Federal Legislative Director Update 12/20/17
Please find below a brief update:
- NLRB: Two weeks after the newly appointed NLRB General Counsel signaled his intent to ask the Board to consider overruling many union-friendly precedents of the Obama-era Board, the NLRB has beat him to the punch. Over the course of two days (December 14 and 15) the Board reversed three of the Obama Board’s most vexing decisions: (1) Joint employer status (Browning-Ferris Industries / Hy-Brand industrial Contractors); (2) Micro-bargaining units (Specialty Healthcare / PCC Structurals), and (3) Employer workplace rules and policies (Lutheran Heritage-Livonia/The Boeing Company). These are pretty significant reversals and if you would like to read more, you can locate an article summarizing these decisions here: Link
- Tax Bill & HR: There are a few incentives located in the current tax bill that impact workplace policies. Specifically, as proposed, the tax bill includes offering businesses a credit if they provide up to 12 weeks of paid family leave. (Important to note, this measure was taken from a stand-alone bill by Senator Deb Fischer of Nebraska). The tax bill also prohibits businesses from deducting the cost of confidential settlements in claims of sexual misconduct. The bill also would remove the tax incentives for businesses to provide commuter and parking benefits for employees. In essence, up to $255 per month that companies can provide and write off as a business expenses will be removed.
- Immigration: The Trump administration has promised an increase in enforcement and scrutiny in the area of immigration in 2018. The Department of Homeland Security is undertaking the “extreme vetting” in this area and the Immigration and Customs Enforcement Acting Director Thomas Homan has promised a fourfold increase in work-site enforcement actions to include actions against both employers and undocumented workers.
- Wage and Hour: The Department of Labor Wage and Hour Division stated recently that it is estimating an October 2018 release for the agency’s second stab at a high priority rule designed to expand the number of workers eligible for overtime pay.
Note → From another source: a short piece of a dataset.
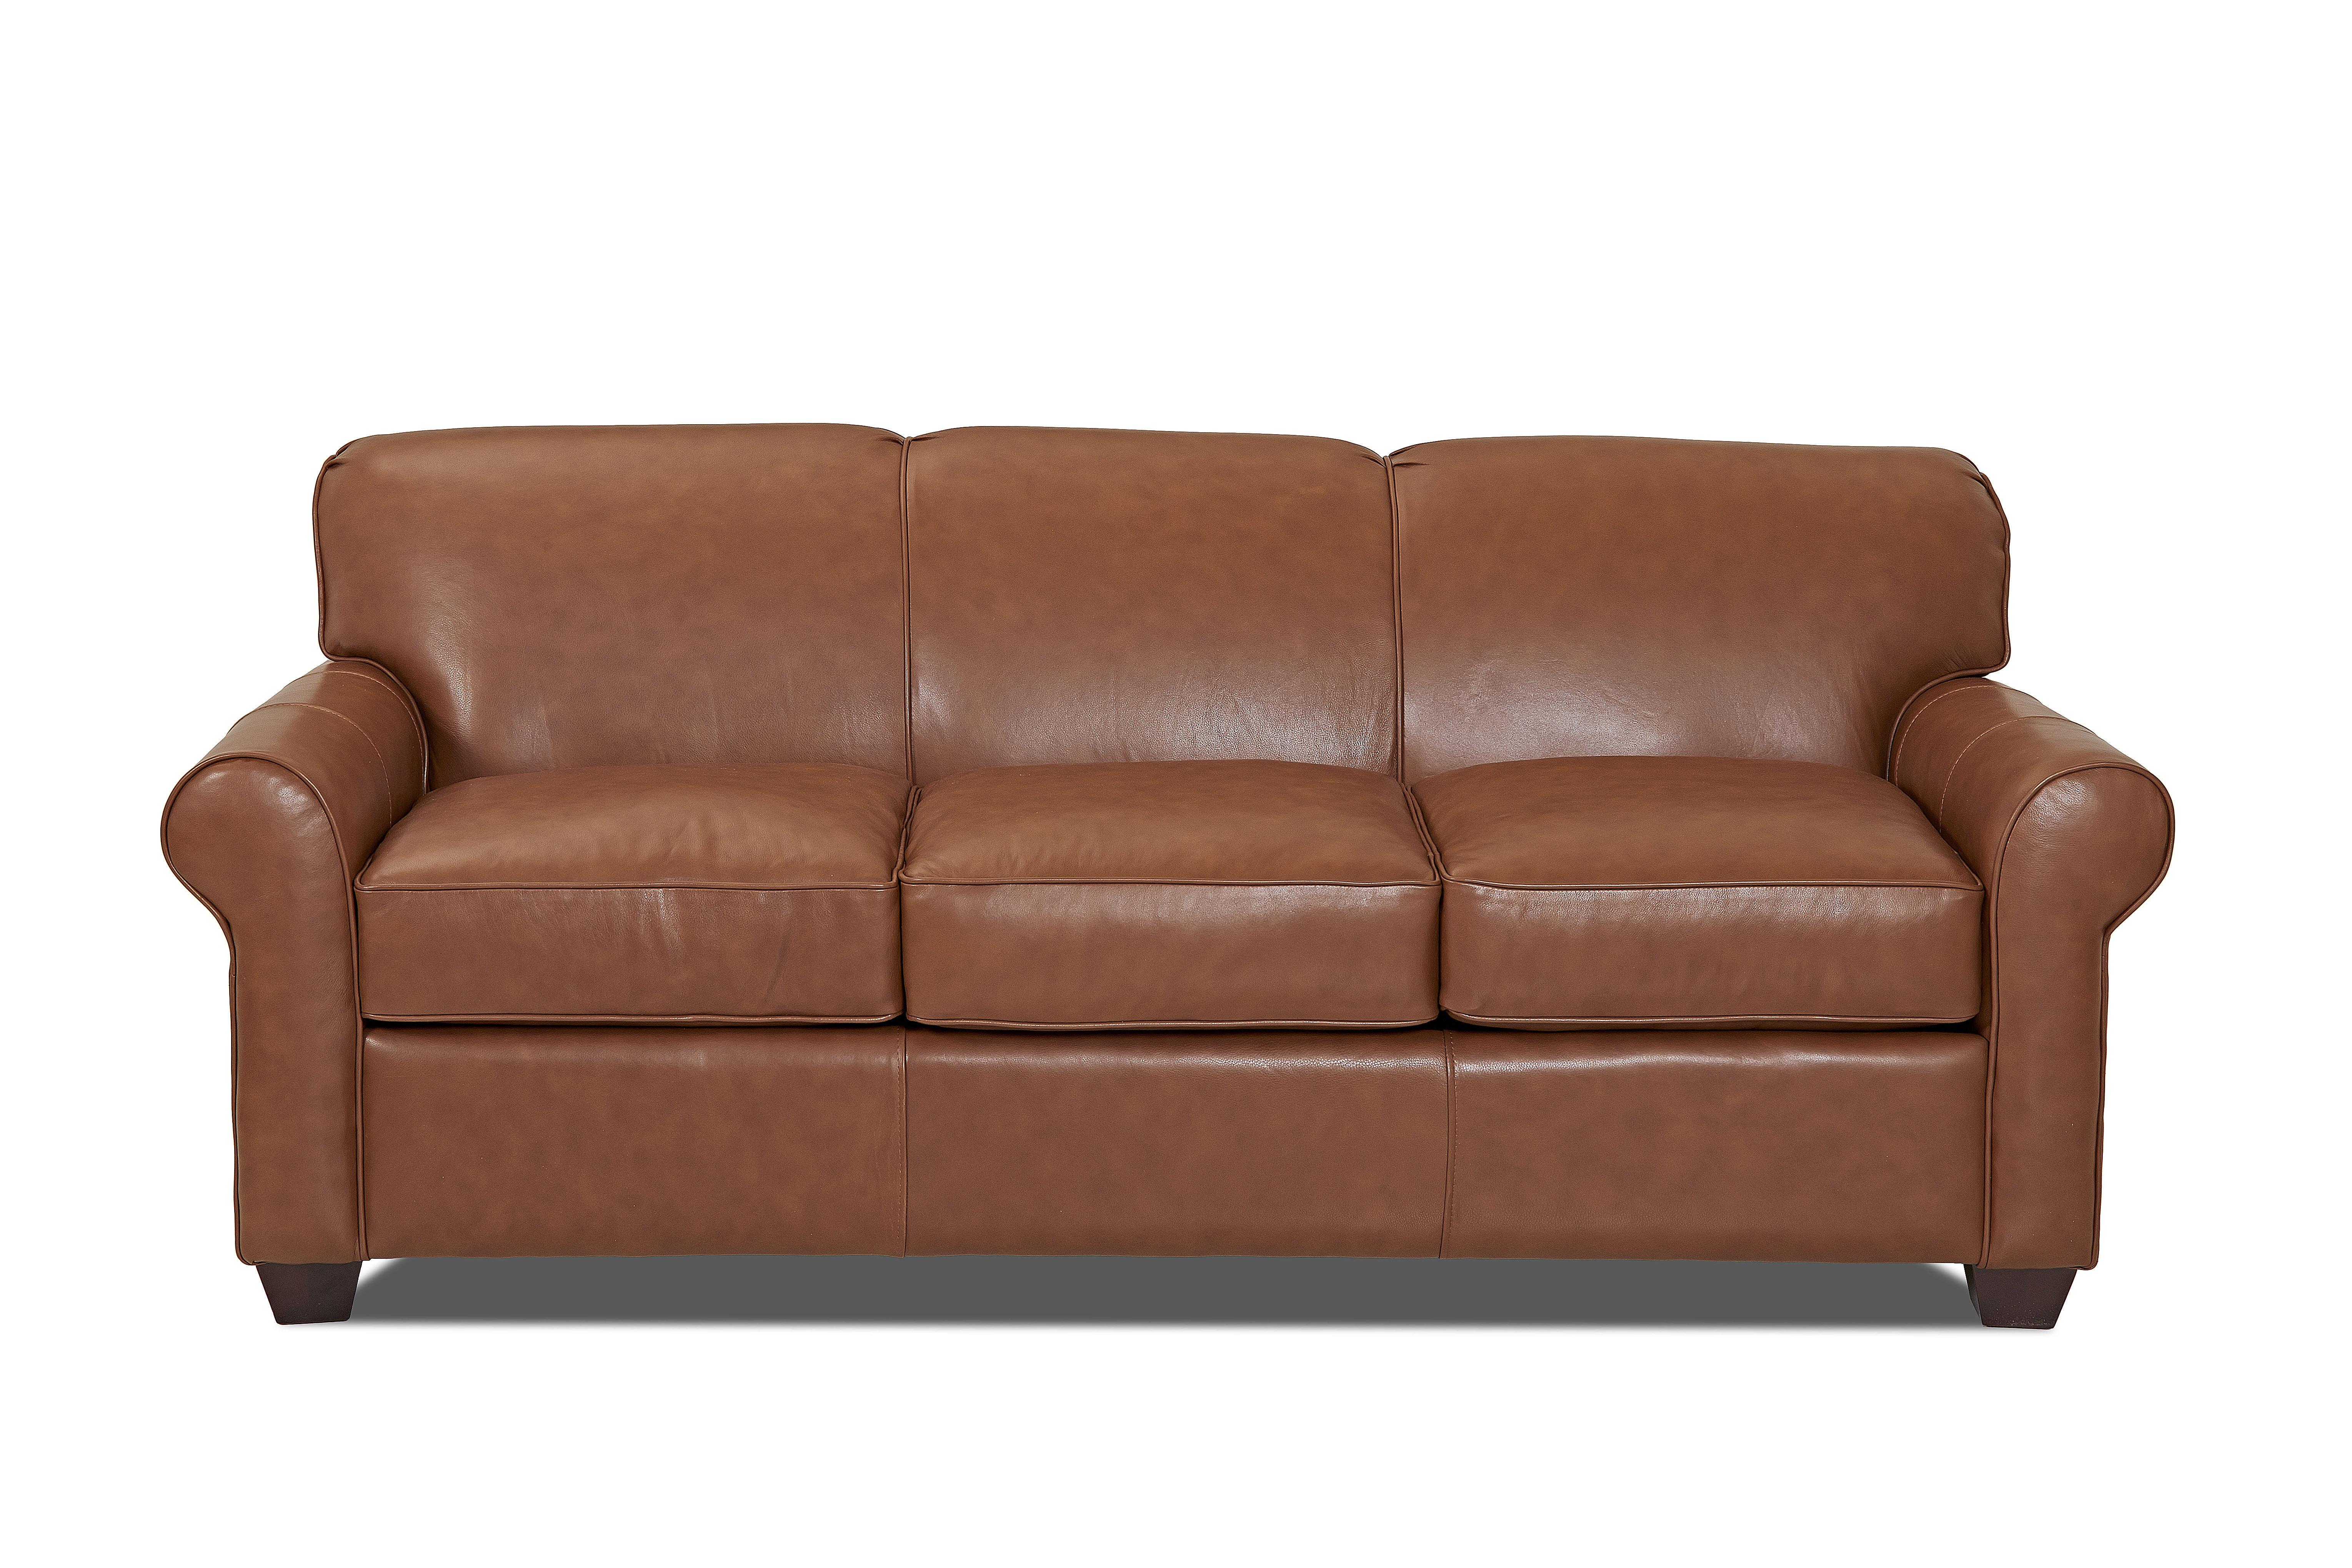 Groovy Jennifer Genuine Leather Sofa Interior Design Ideas Clesiryabchikinfo

The Department of Labor also anticipates publishing a proposal in January to implement President Trump’s executive order calling for the streamlining and expansion of U.S. apprenticeships. In addition, the United States Court of Appeals for the Second Circuit recently held that Fair Labor Standards Act claims (i.e. wage and hour claims) are arbitrable, notwithstanding the requirement that FLSA litigation settlements be “supervised.” Rodriguez-Depena v. Parts Authority Inc. (2nd Cir. December 12, 2017).